Columna publicada en La Tercera, 22.02.2017

El asunto de la nación ha ocupado un espacio importante en el debate interno de Chile Vamos. La discusión empezó respecto al documento “Convocatoria”, y rebrotó en torno al “Manifiesto por la República y el buen gobierno”, en cuya redacción participé junto a Hugo Herrera, Joaquín García-Huidobro, Ramiro Mendoza, y los senadores Andrés Allamand y Hernán Larraín,

Los sectores más liberales dentro del conglomerado ven con preocupación la utilización de esta categoría. La asocian, no sin motivo, a peligrosos regímenes populistas, militaristas y autoritarios. Así como a posturas xenofóbicas y antiglobalización. Y creen que el solo hecho de introducirla puede dar pie al desarrollo de ese tipo de visiones. Sin embargo, en ambos textos la nación aparece rescatada como un principio de identidad, apertura e integración, no de exclusión y discriminación arbitraria. Luego, nos encontramos frente a un debate sofisticado, que exige evaluar los beneficios y riesgos involucrados en la apelación a la nación, y tomar una posición política al respecto.

La nación, tal como la definió Ernest Renan, es un pacto entre los vivos, los muertos y los que están por nacer en un determinado territorio. Es un principio, entonces, de solidaridad intergeneracional. También es un principio identitario e igualitario, porque todos somos iguales frente a ella, lo que involucra una solidaridad intrageneracional. Así, este concepto destaca el hecho de que somos parte de una comunidad política, y ello plantea exigencias y responsabilidades. Uno de los elementos que las visiones más individualistas de la sociedad suelen pasar por alto, y que se vuelve muy valiosa a la hora de enfrentar desafíos comunes importantes.

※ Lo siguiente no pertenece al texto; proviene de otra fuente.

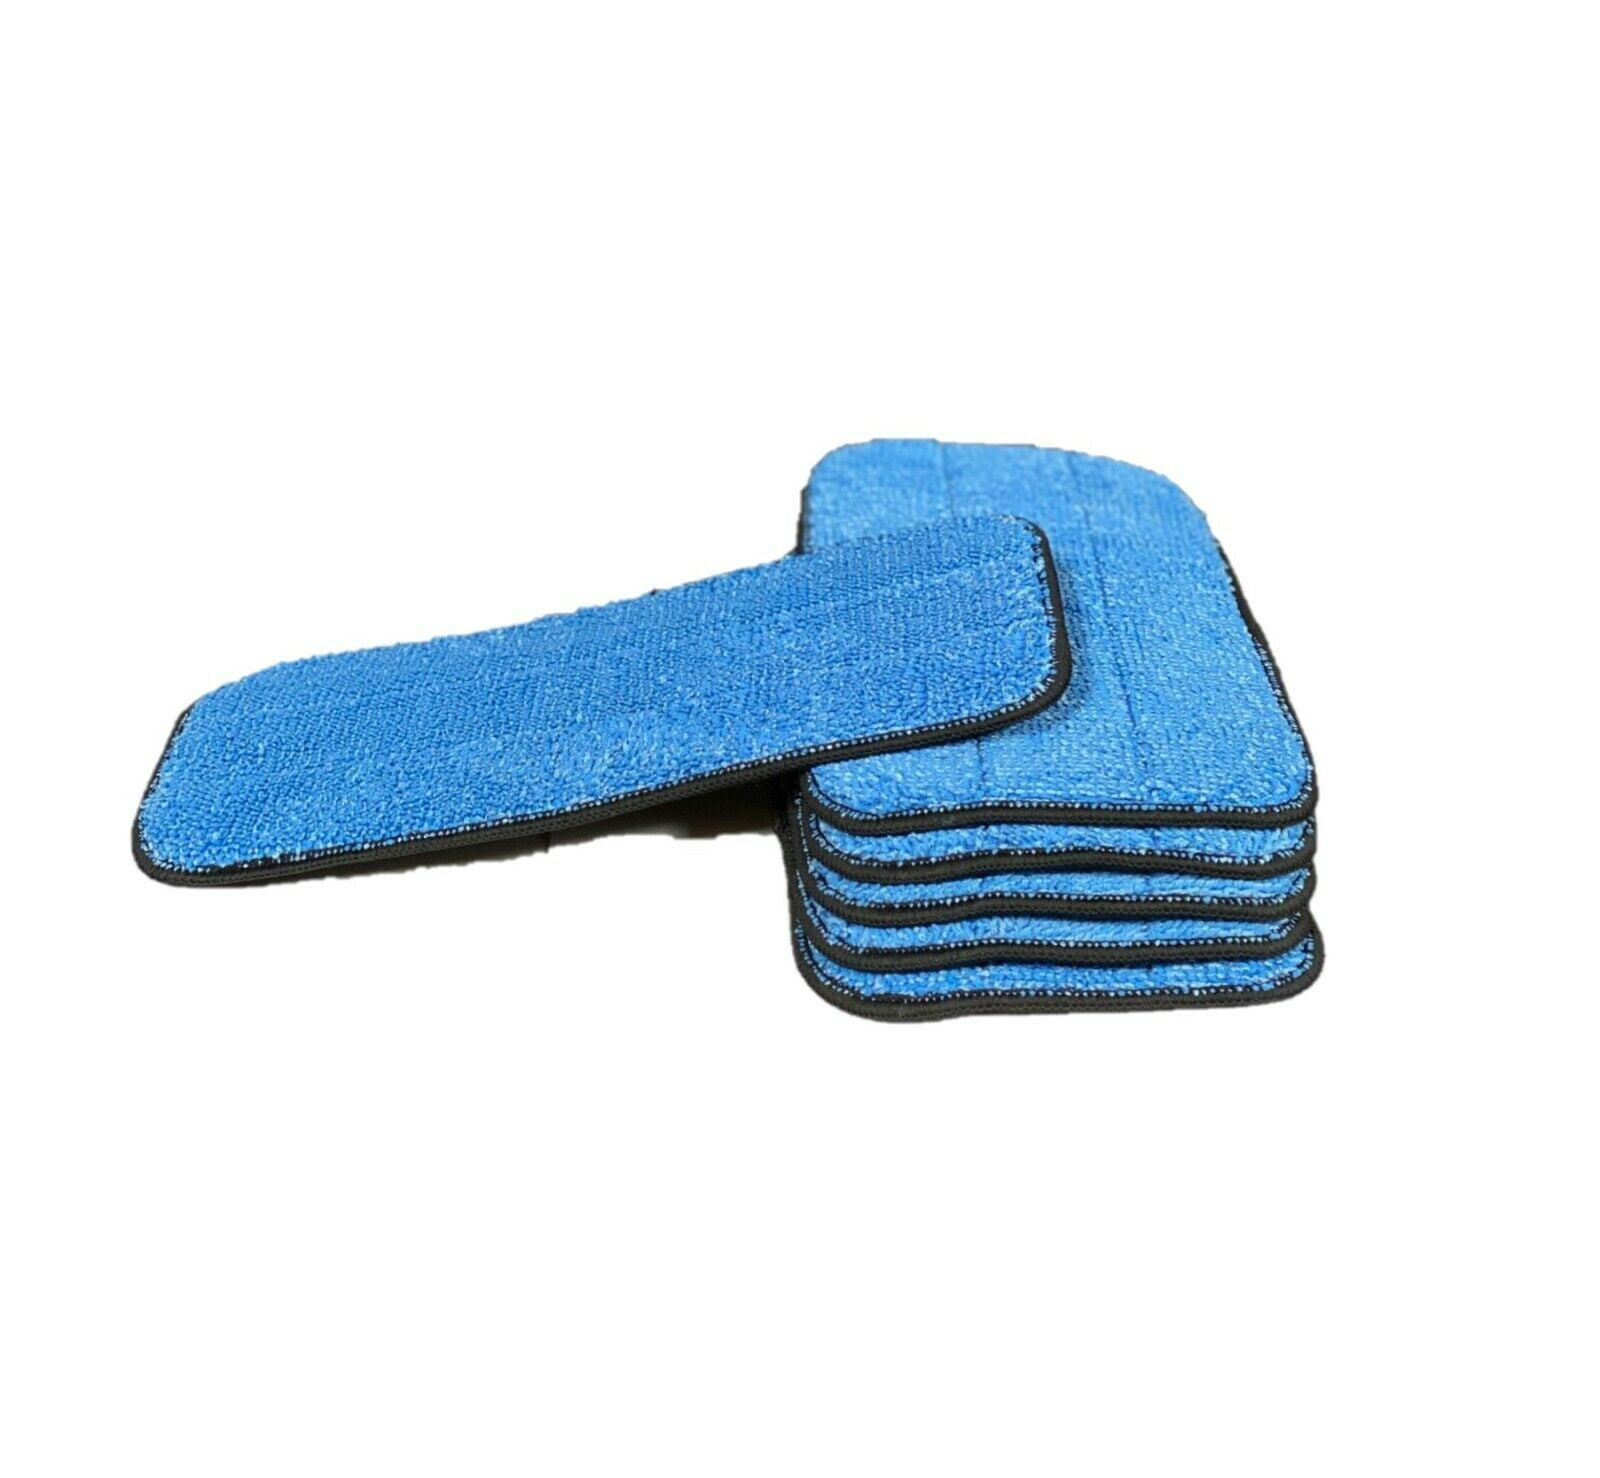 10 Inch Microfiber Mop Pad Refills Fits 9 to 10 Inch Mop Frames Wet & Dry Use Home & Commercial Microfiber 6 Pack 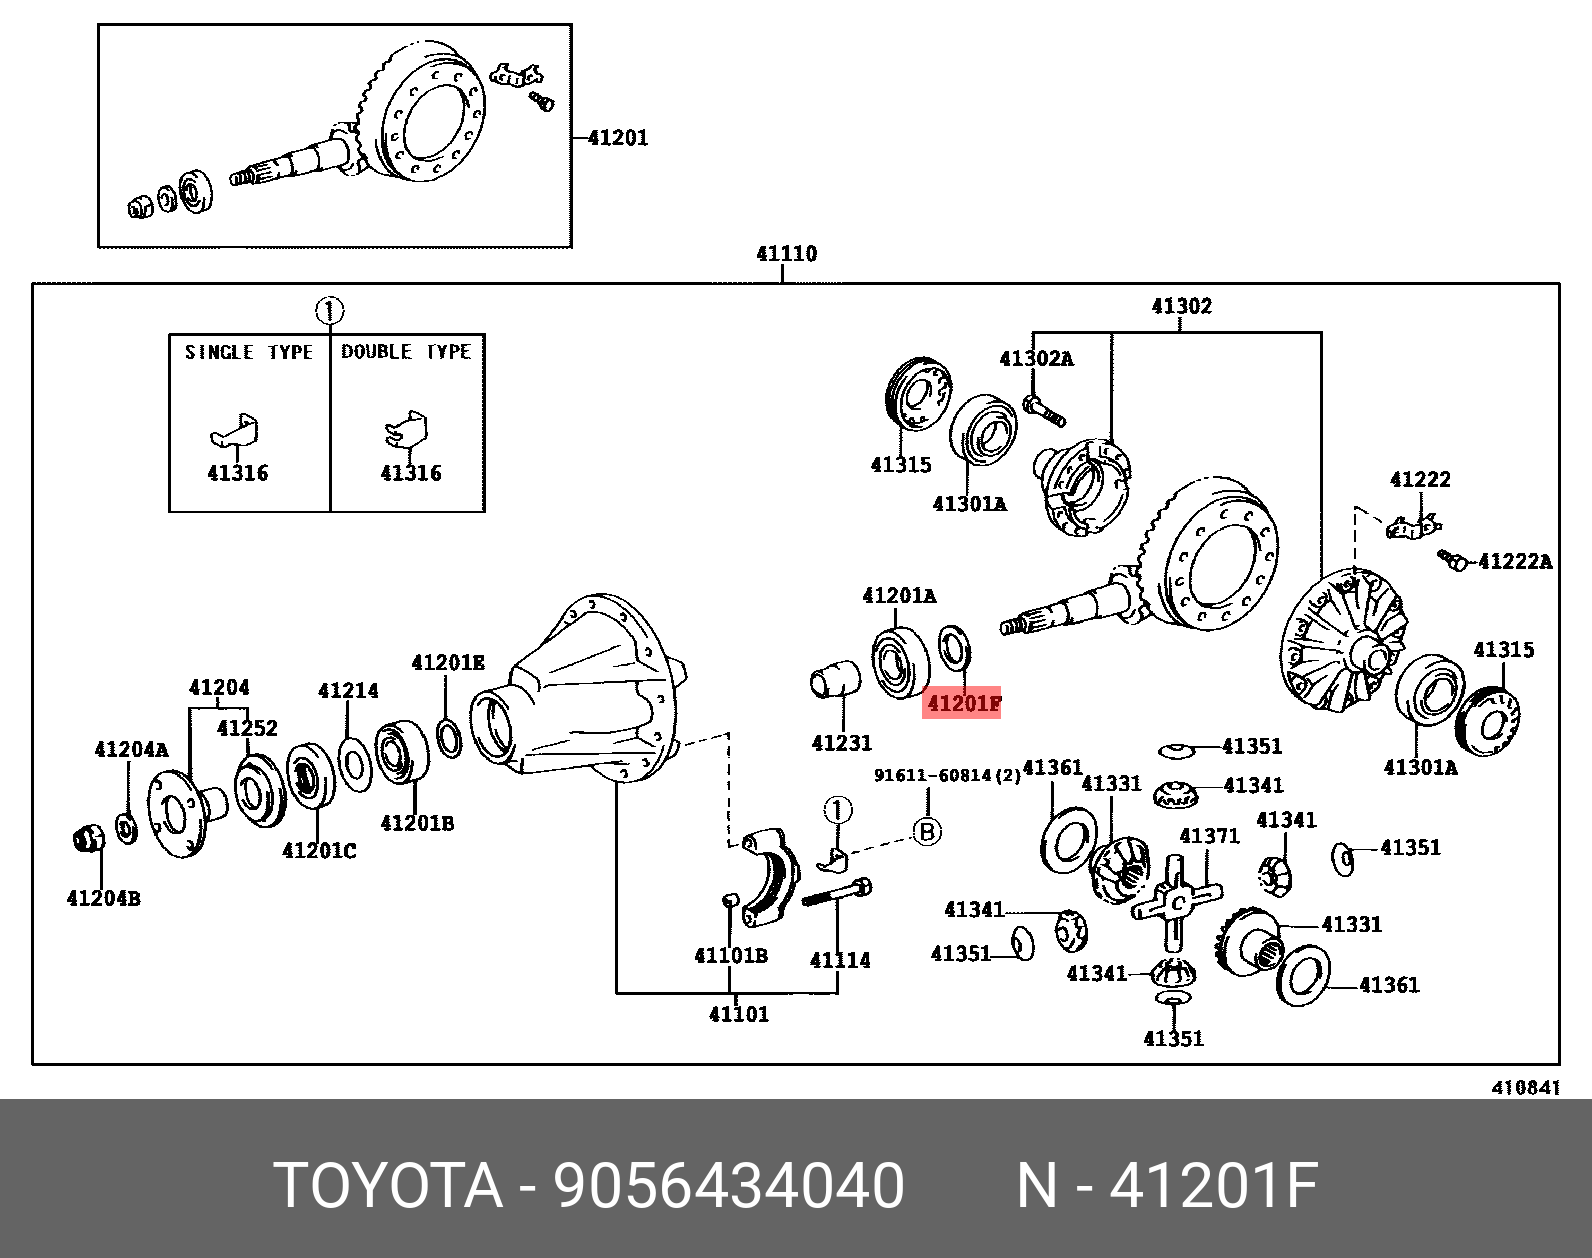 9056434040, HARRIER 199712-200302, ACU1#, MCU1#, SXU1#, WASHER, PLATE (FOR REAR DIFFERENTIAL DRIVE PINION)

Lo peligroso del concepto, que los liberales destacan correctamente, es que las identidades comunes muchas veces son alimentadas por el miedo y el odio a lo distinto y a lo extranjero. Los chivos expiatorios siempre han sido elegidos entre los débiles y los diferentes, que no pueden defenderse. Y los horrores totalitarios del siglo XX -todos nacionalistas- nos previenen de creer que la modernidad haya inutilizado aquellos mecanismos primitivos. Las visiones colectivistas y comunitaristas demasiado entusiastas suelen olvidar estas lecciones.

¿Quá hacer entonces? La estrategia de guardar en un cajón la idea de nación y utilizar los mecanismos coercitivos de la corrección política para prevenir el resurgimiento de su lado oscuro se ha mostrado bastante inútil, al igual que los discursos oficiales multiculturalistas. De hecho, los rebrotes de nacionalismos odiosos suelen alimentarse del resentimiento de los silenciados, así como de la incapacidad del discurso multiculturalista para entregar respuestas y mediaciones frente a fenómenos laborales y migratorios incentivados por la globalización .

Una idea de nación abierta e integradora como la propuesta en el “Manifiesto”, entonces, parece la mejor alternativa para aprovechar sus beneficios y, al mismo tiempo, enfrentar sus patologías, justamente porque no le concede a ellas la hegemonía sobre el concepto.